Extracted records —
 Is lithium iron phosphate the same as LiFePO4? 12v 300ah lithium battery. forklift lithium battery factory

==

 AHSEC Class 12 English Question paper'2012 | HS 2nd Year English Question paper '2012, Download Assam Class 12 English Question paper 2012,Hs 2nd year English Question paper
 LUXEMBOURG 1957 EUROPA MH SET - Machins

...

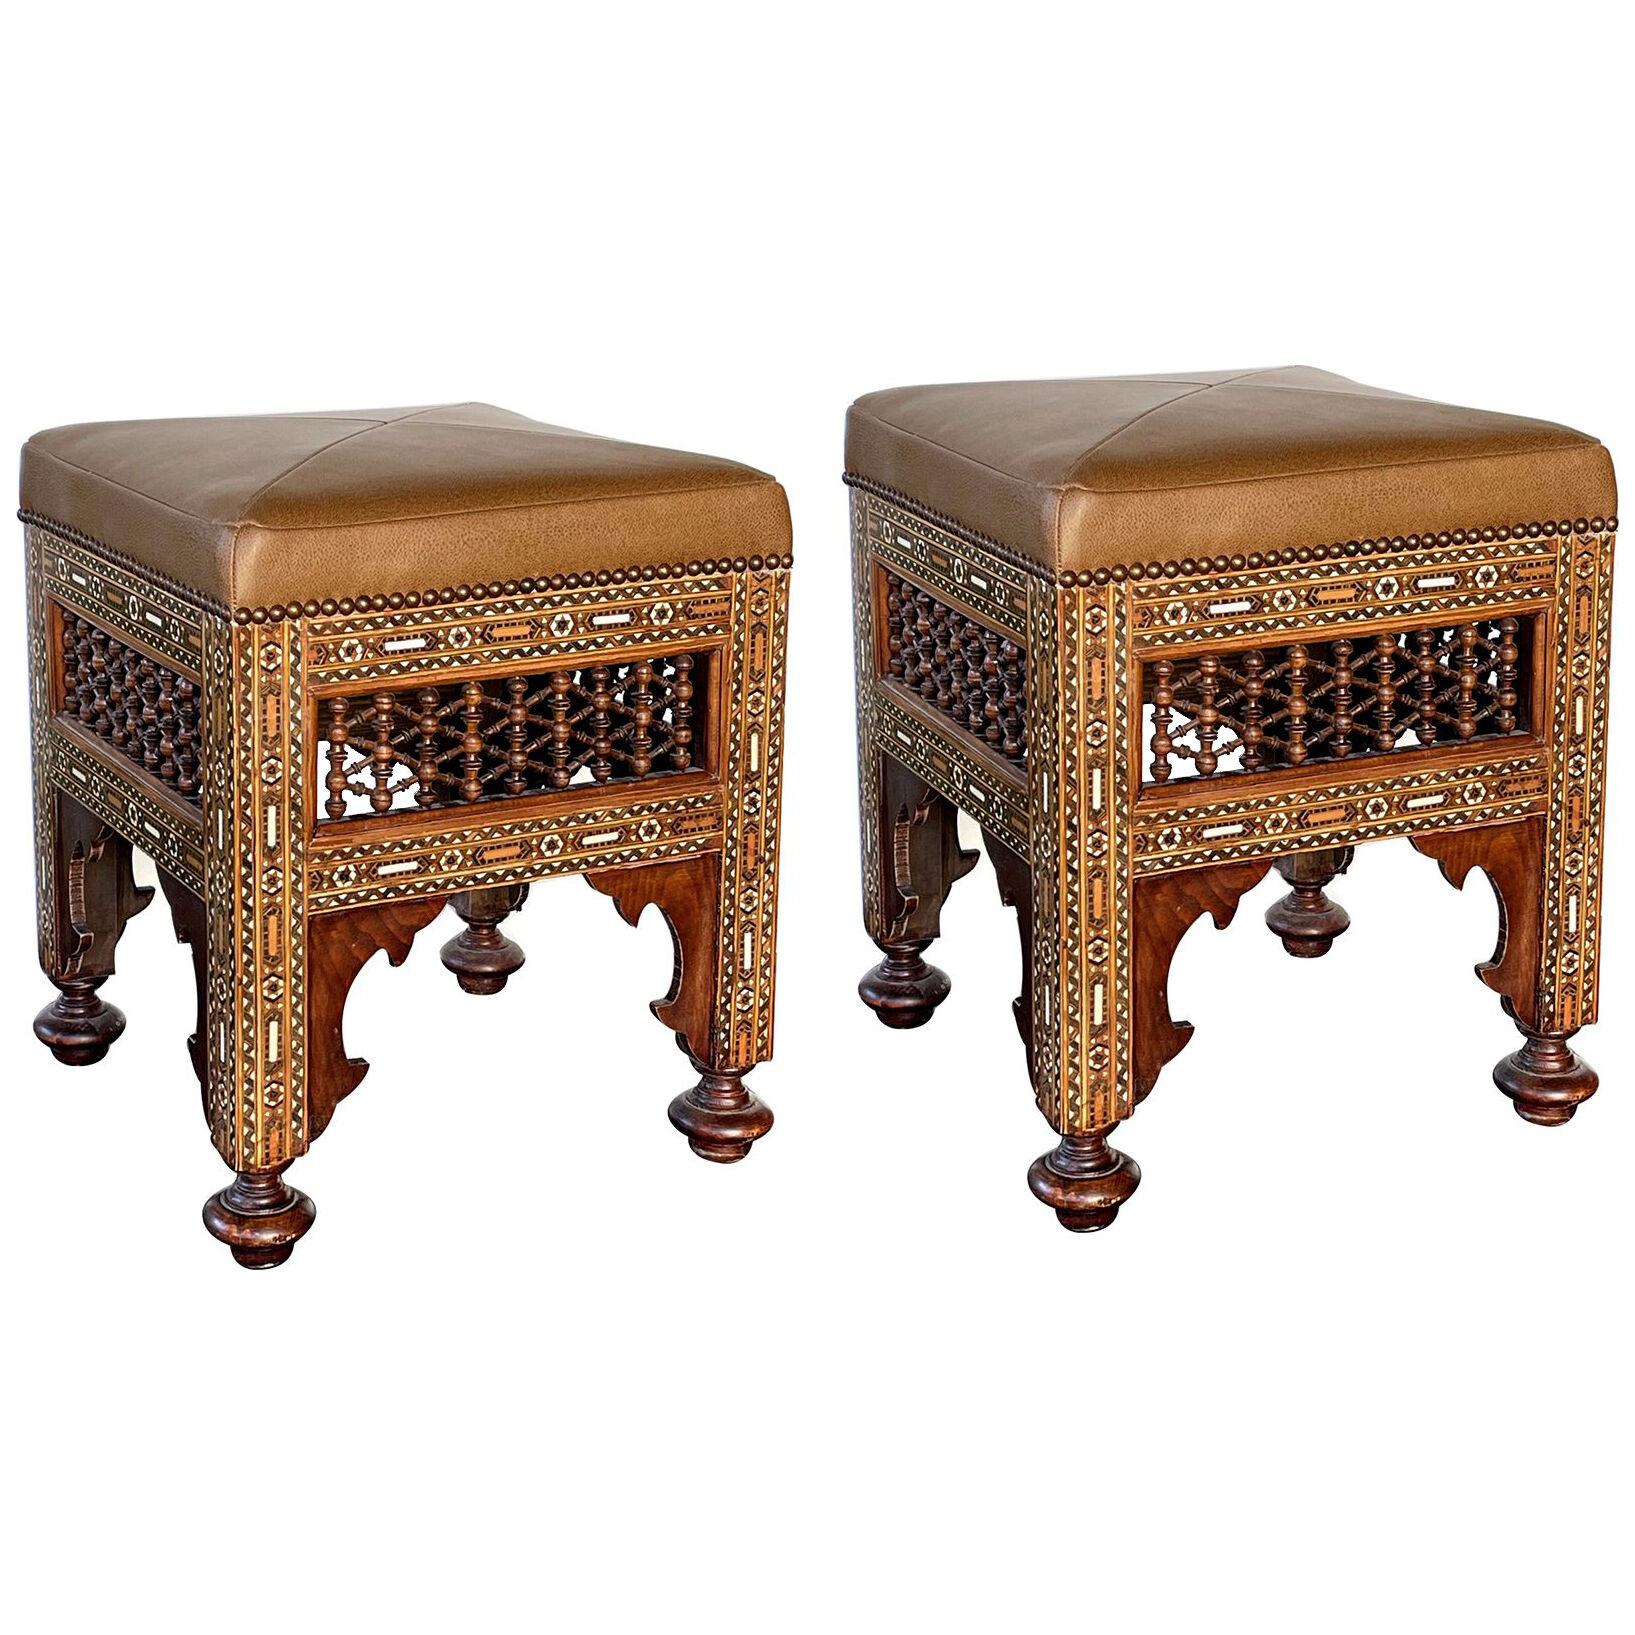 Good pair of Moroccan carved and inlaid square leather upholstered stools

Your assignment —
Using the entries above, extract exactly the span from the line with "AHSEC Class 12" to the line with "LUXEMBOURG 1957 EUROPA MH SET - Machins", both lines included; leave out everything else.

Answer section —
 AHSEC Class 12 English Question paper'2012 | HS 2nd Year English Question paper '2012, Download Assam Class 12 English Question paper 2012,Hs 2nd year English Question paper
 LUXEMBOURG 1957 EUROPA MH SET - Machins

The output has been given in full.